The importance of adapting the notch width in order to optimize the NBI suppression has also been underlined in Nguyen et al. (2014), where the authors present a technique addressing the issue. However, the approach described in there presents some limitations that our method overcomes. First, it tackles single NBI only, while our technique is capable of coping with any number of narrow interfered bands in the GNSS spectrum. Second, the time needed from the bandwidth estimation algorithm to converge to the steady-state increases with the interference bandwidth, while in our case the time needed to estimate the NBI bandwidth does not have any dependency on the interference width. Third, the technique has a limit related to the selection of the prefixed width of the two adaptive notch filters used for the bandwidth estimation: it is able to finely estimate the bandwidth only when the width of the notch filters’ band is less than half of the NBI width.

Conclusions

The issue of unintentional NBI, which represents one of the main threats to GNSS-based applications, has mostly been addressed with the use of the adaptive notch filtering technique capable of estimating the interference frequency.
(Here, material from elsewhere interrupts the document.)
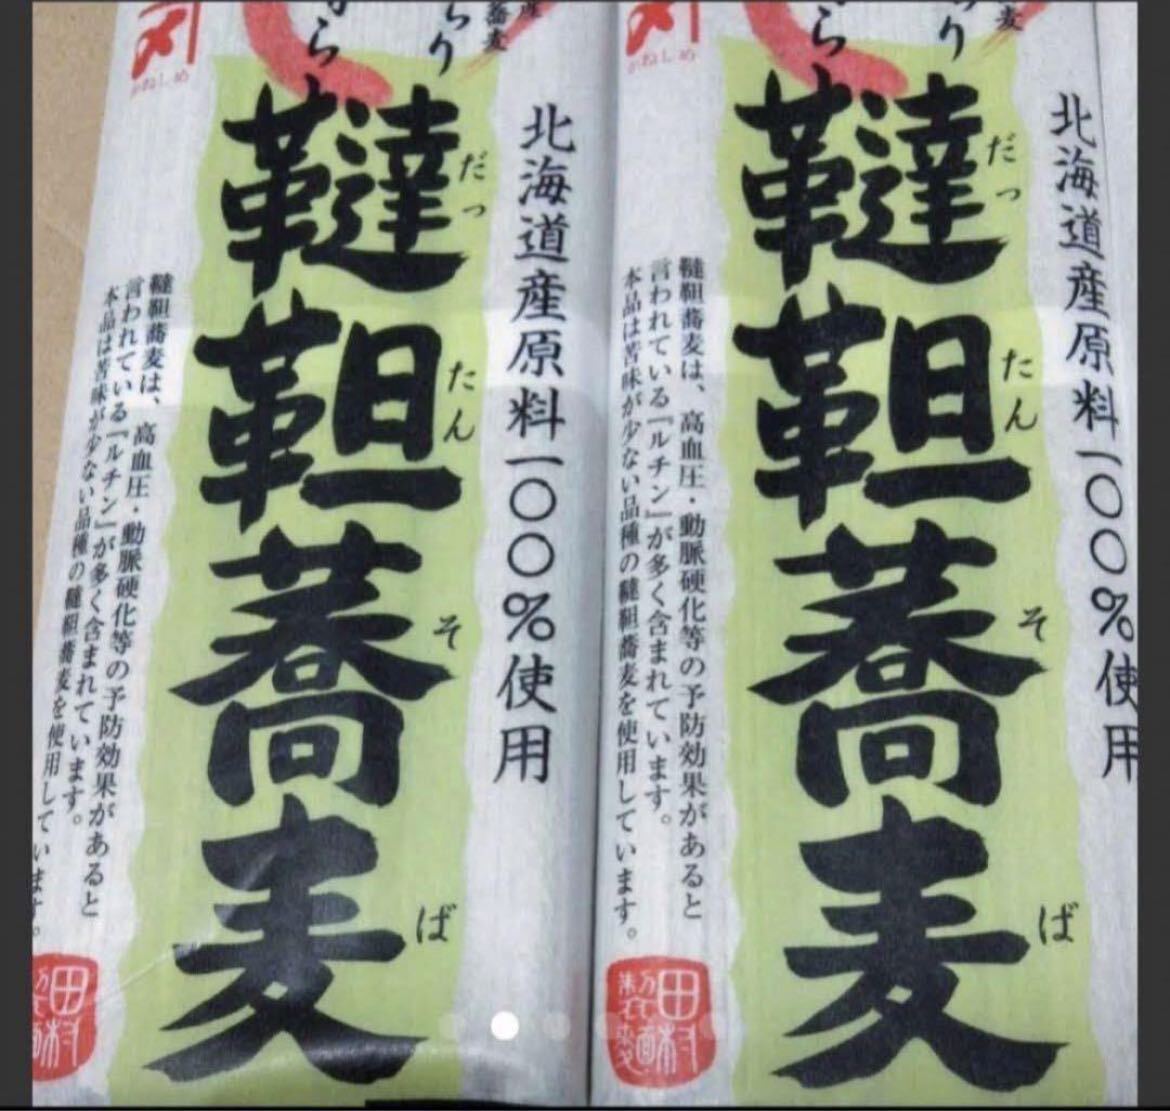  специальная цена Hokkaido сырье 100% тест хороший .. соба soba соба . лапша supplement Pro Tey здоровое питание диета

However, the center frequency is not the only unknown parameter of the interference, since also the number of interfered bands and their width cannot be known a priori. Therefore, a higher level of adaptability is required to cope with the unpredictable and diverse nature of unintentional interfering events.
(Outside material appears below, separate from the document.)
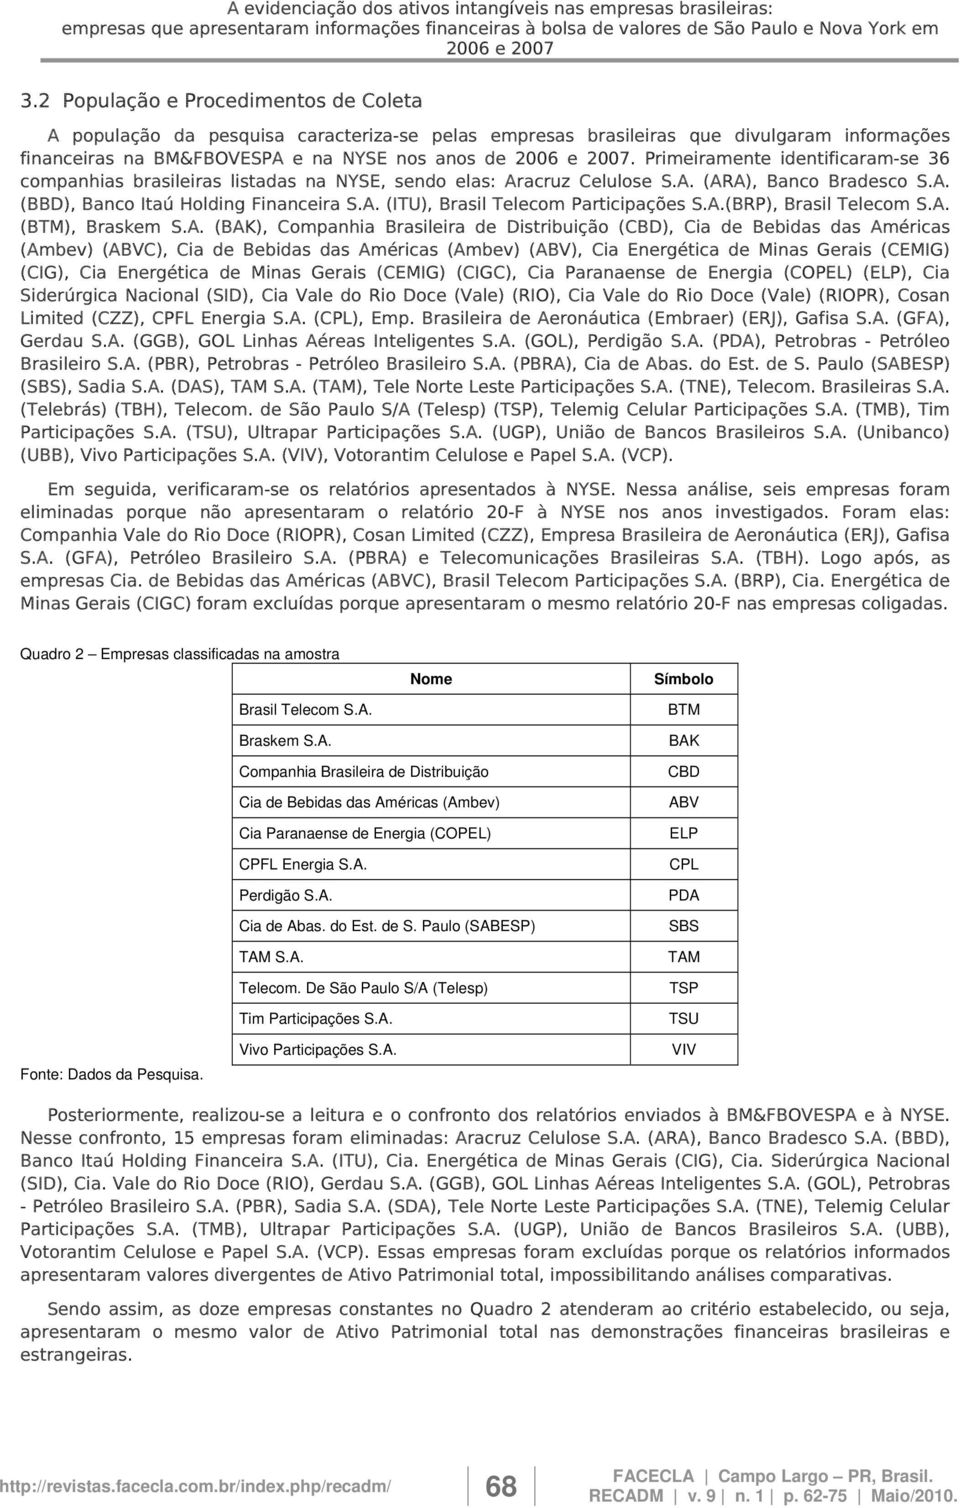 Primeiramente identificaram-se 36 companhias brasileiras listadas na NYSE, sendo elas: Aracruz Celulose S.A. (ARA), Banco Bradesco S.A. (BBD), Banco Itaú Holding Financeira S.A. (ITU), Brasil Telecom Participações S.

We presented a new fully adaptive solution against unintentional NBI. The proposed technique was evaluated in terms of detection, estimation, and mitigation capability, and simulation results showed that it is capable of promptly detecting the NBI event, accurately estimating the interfered center frequencies and bandwidths, and efficiently mitigating the NBI effect on the signal. A comparison with the adaptive notch filtering technique proved the importance of having a fully adaptive countermeasure. Moreover, an analysis of the impact of different NBI profiles on GPS L1 C/A and Galileo E1 was provided. Future work includes analysis of the intentional jamming impact on multi-GNSS receivers and investigation of the proposed solution in the presence of such intentional interference sources.